I was involved in this research because I was exploring the language models of biological sequences. The key is to find the “words” of biological sequences. However, it is by no means an easy task because almost everyone knows of the words in natural languages but no one really knows of the exact “words” in biological sequences.

Fortunately, via the Internet I was able to collaborate with Dr. Kuo-Chen Chou in the USA, who is the founder of Gordon Life Science Institute, the first Internet Research Institute ever established in the world. Professor Chou is one of the world’s best computational biologists, who has been named by Clarivate Analytics as a Highly Cited Researcher in 2014, 2015, 2016, and 2017, also ranking several times among the top producers of Hot Papers, including in the most recent tally, listed in the “World’s Most Influential Scientific Minds.” Many difficult problems were solved after illuminating discussions with him, the father of PseAAC. Also, via the Internet and conferences, I was able to interact with Prof. Wei Chen (North China University of Science and Technology) and Prof. Hao Lin (University of Electronic Science and Technology of China), who, along with Prof.
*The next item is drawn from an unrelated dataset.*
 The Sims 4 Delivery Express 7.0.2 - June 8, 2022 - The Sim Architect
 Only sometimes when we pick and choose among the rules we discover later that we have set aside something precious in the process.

Kuo-Chen Chou, were the authors of PseKNC [4] and shared with me many valuable experiences that are very useful on this project.

Where do you see your research leading in the future?

Nowadays we are living in an era with the goal to minimize various tedious things and leave them to be done by robots or computers, such as in developing autonomous cars or self-driving cars. Pse-in-One represents one step forward to such a goal in genome and proteome analyses. Furthermore, the pseudo components generated by Pse-in-One can be viewed as the “words” of biological languages, which will facilitate the development of language models of biological sequences to uncover the secret of the “life mumbo-jumbo.”

Do you foresee any social or political implications for your research?

The social or political implications I have foreseen are:

(i) The user-friendly powerful web servers such as Pse-in-One will be increasingly important not only for basic research but also for drug development and hospital treatments, driving medical science to an unprecedented revolution [2].

(ii) Nowadays we are living in one “community of human destiny” (人类命运共同体). To really benefit all of mankind and obtain a win-win situation for everyone, friendly and sincere collaboration via the Internet between different countries around the world, particularly between the USA (the world’s largest economy) and China (the world’s 2^nd largest economy), is important, wonderful, and very bright.

Bin Liu, Ph. D.
Professor
School of Computer Science and Technology
Harbin Institute of Technology Shenzhen Graduate School
Shenzhen, Guangdong, China

REFERENCES

[1] K.C. Chou, “Prediction of protein cellular attributes using pseudo amino acid composition.” PROTEINS: Structure, Function, and Genetics. 43 (2001) 246-255.

[2] K.C. Chou, “An unprecedented revolution in medicinal chemistry driven by the progress of biological science.” Current Topics in Medicinal Chemistry 17 (2017) 2337-2358.

[3] W. Chen, T.Y. Lei, D.C. Jin, H. Lin, K.C. Chou, “PseKNC: a flexible web server for generating pseudo K-tuple nucleotide composition.” Analytical Biochemistry. 456 (2014) 53-60.

[4] W. Chen, H. Lin, K.C. Chou, “Pseudo nucleotide composition or PseKNC: an effective formulation for analyzing genomic sequences.” Mol BioSyst. 11 (2015) 2620-2634.

[5] B. Liu, F. Liu, X. Wang, J. Chen, L. Fang, K.C. Chou, “Pse-in-One: a web server for generating various modes of pseudo components of DNA, RNA, and protein sequences.” Nucleic Acids Research. 43 (2015) W65-W71.

[6] B. Liu, H. Wu, K.C. Chou, “Pse-in-One 2.0: An improved package of web servers for generating various modes of pseudo components of DNA, RNA, and protein Sequences.” Natural Science. 9 (2017) 67-91.